Query performance on static, large PostgreSQL table
4
votes
1
answer
1303
views
I tried to have this as detailed as possible. Sorry about the length!
### Background
I created the following partitioned table
protein_snp_assoc
on a PostgreSQL (version 12.13) database:
CREATE TABLE protein_snp_assoc (
protein_id int not null,
snp_id int not null,
beta double precision,
se double precision,
logp double precision
) PARTITION BY RANGE (snp_id);
I then created 51 partitions, each containing roughly 150 million lines (total lines 7.65 billion), based on the following template:
CREATE TABLE IF NOT EXISTS protein_snp_assoc_(x) PARTITION OF protein_snp_assoc
FOR VALUES FROM (y) TO (z);
where x
ranged from 1 to 51, and y, z
defined intervals, each of length 150,000. As an example, the first two and last partitions are:
protein_snp_assoc_1 FOR VALUES FROM (1) TO (150001),
protein_snp_assoc_2 FOR VALUES FROM (150001) TO (300001), ...
protein_snp_assoc_51 FOR VALUES FROM (7500001) TO (7650001)
The variable column protein_id
has 1,000 unique values (1 to 1,000) and snp_id
has 7,500,000 unique values (1 to 7,650,001). As the pair (snp_id, protein_id)
uniquely determines a row in the table, I used the two columns to create a BTree index, with snp_id
as the left-most variable:
CREATE INDEX ON protein_snp_assoc (snp_id, protein_id);
This will be a static database. It currently has about 20% of the total data that will be on it (since I'm prototyping), but once all the data has been added to the database, no further rows will be added (nor deleted).
### Typical queries
The most common queries will be (a) single SNP/protein queries, (b) single protein, multiple SNPs queries, and (c) multiple proteins and multiple SNPs queries.
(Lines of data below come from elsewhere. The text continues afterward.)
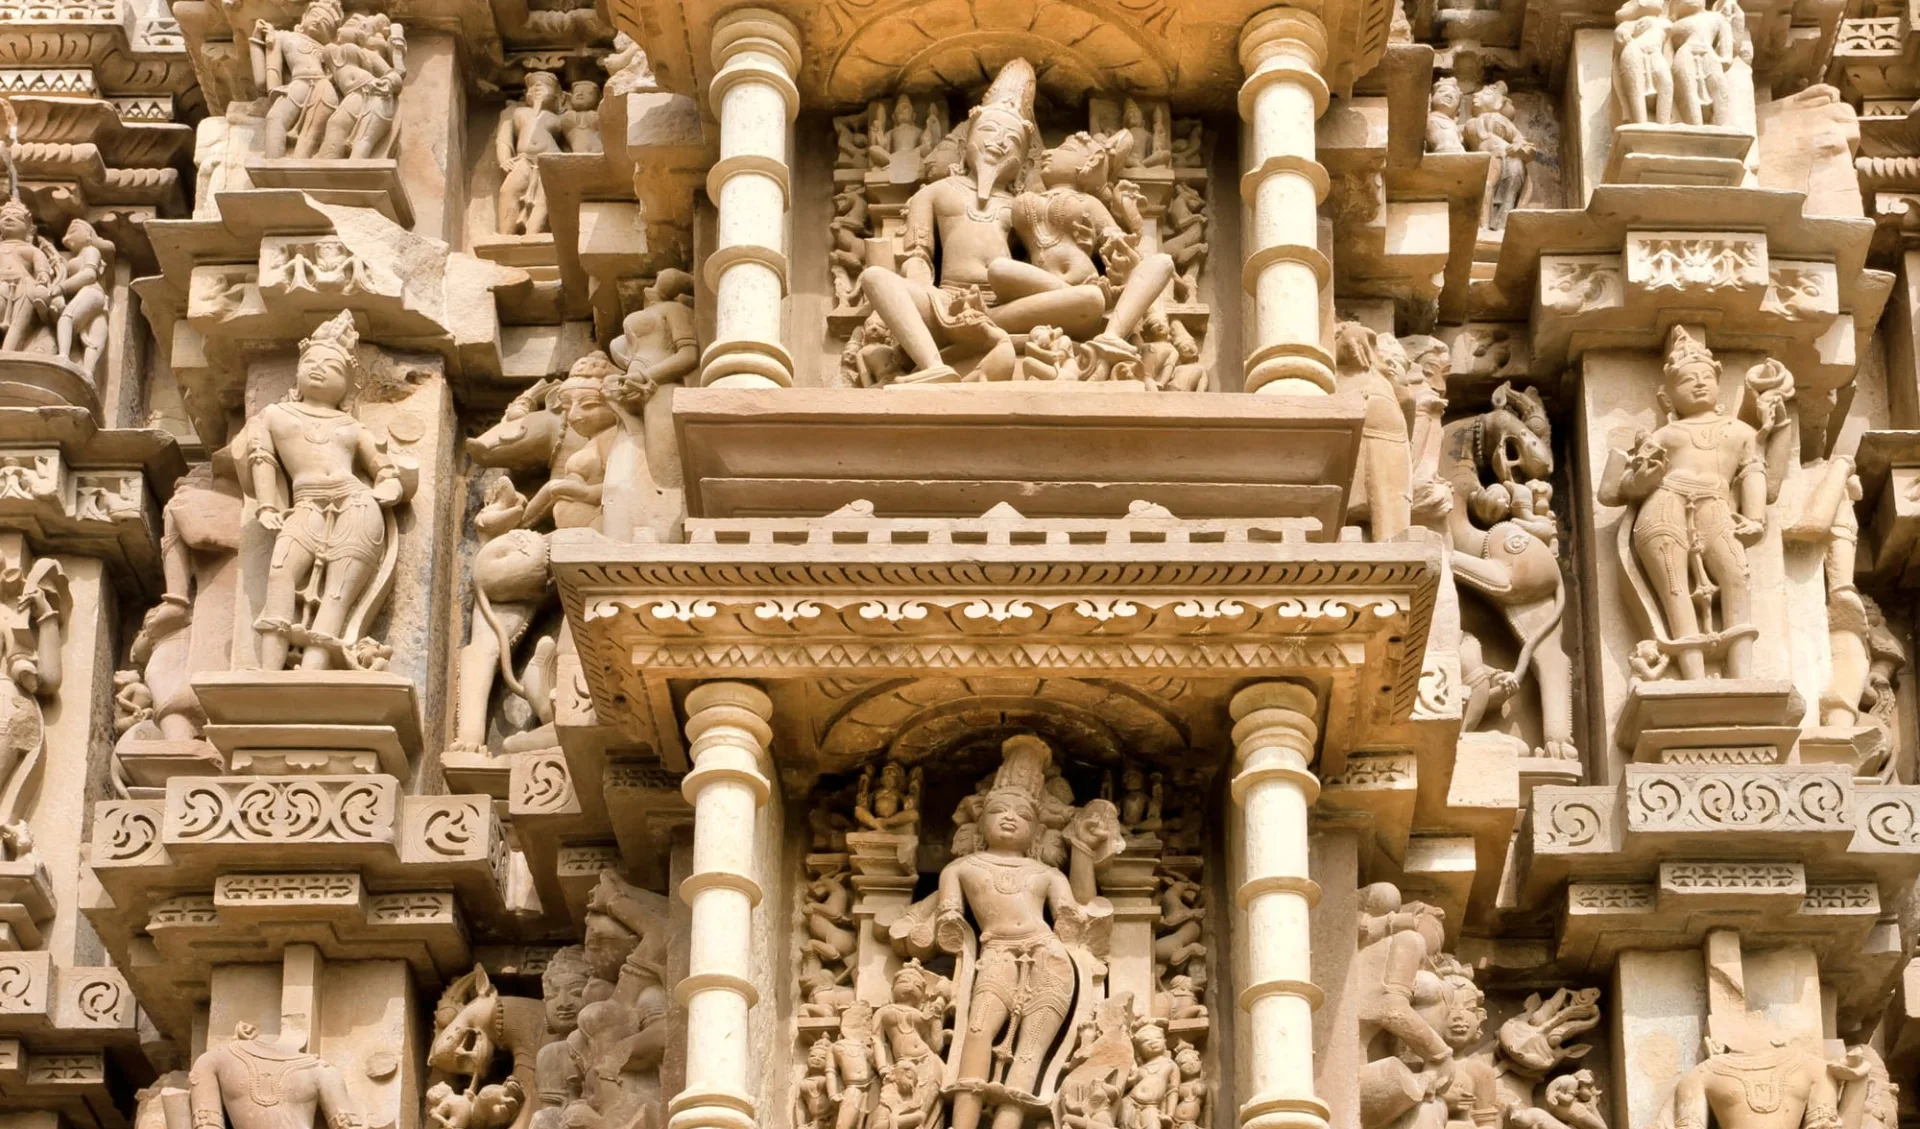 Reise zum heiligen Ganges ab Delhi: Sculptures, temple of Khajuraho
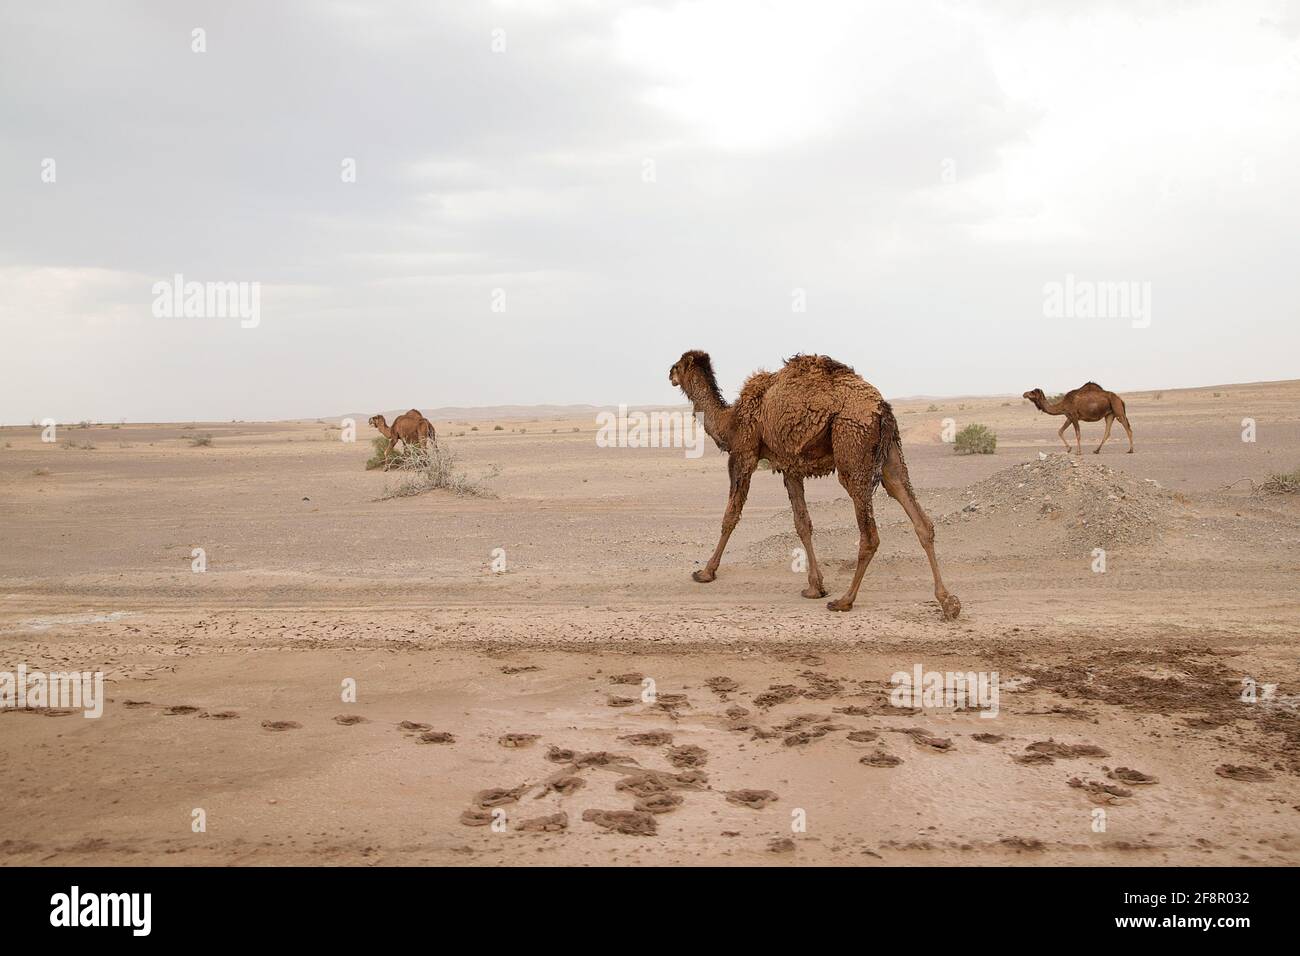 Kamele in der Wüste, Iran Foto Stock
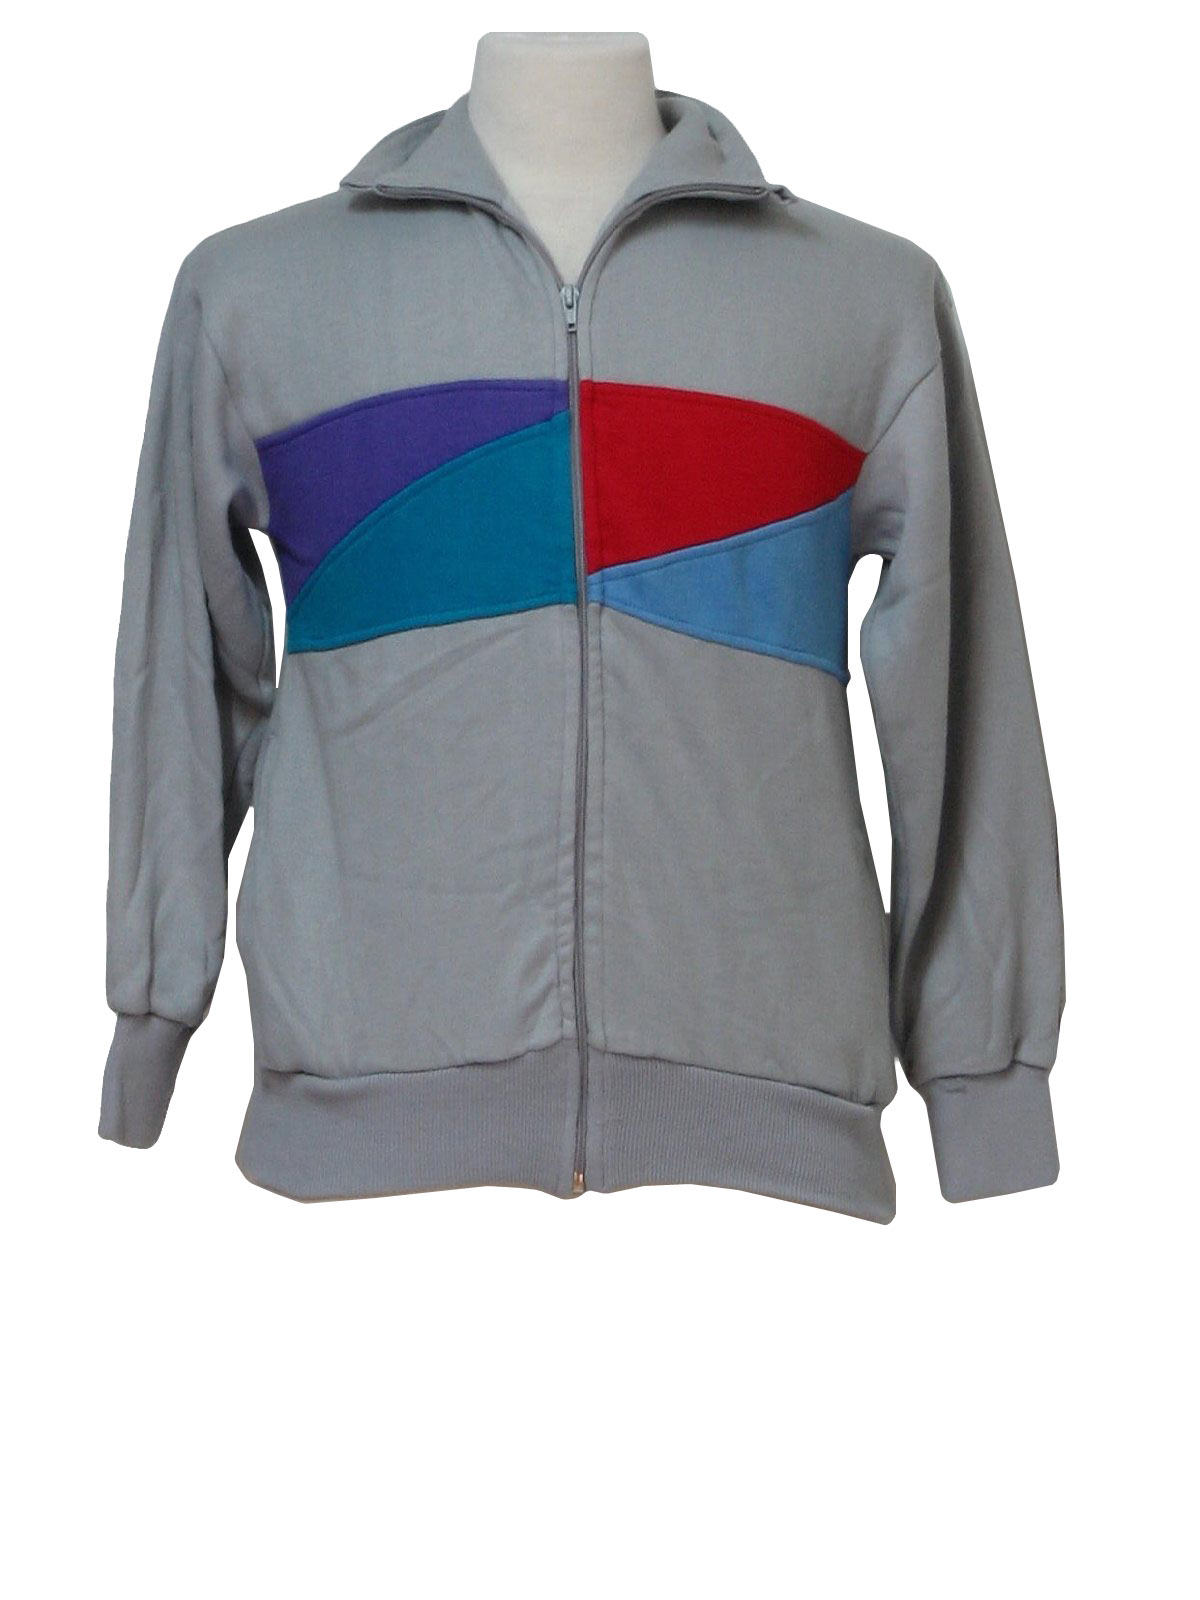 80s Jacket (Sportswear): 80s -Sportswear- Mens grey, blue, red

Example queries where I use VALUES
as I read on this site that it can increase performance when IN(...)
has multiple values.
-- Single SNP/protein
SELECT
*
FROM
protein_snp_assoc
WHERE
snp_id IN (VALUES (1))
AND
protein_id IN (VALUES(1));
-- Multiple SNPs, single protein
SELECT
*
FROM
protein_snp_assoc
WHERE
snp_id IN (VALUES (1), (2))
AND
protein_id IN (VALUES(1));
-- Multiple SNPs, multiple proteins
SELECT
*
FROM
protein_snp_assoc
WHERE
snp_id IN (VALUES (1), (2))
AND
protein_id IN (VALUES (1),(2));
The EXPLAIN ANALYZE
for each query can be seen here (pastebin links):
[Single SNP/protein (pastebin)](https://pastebin.com/zfaRCibT) , [Multiple SNPs, single protein (pastebin)](https://pastebin.com/jLdu2hqJ) , [Mulitple SNPs, mulitple protein (pastebin)](https://pastebin.com/MYjBxjpT) .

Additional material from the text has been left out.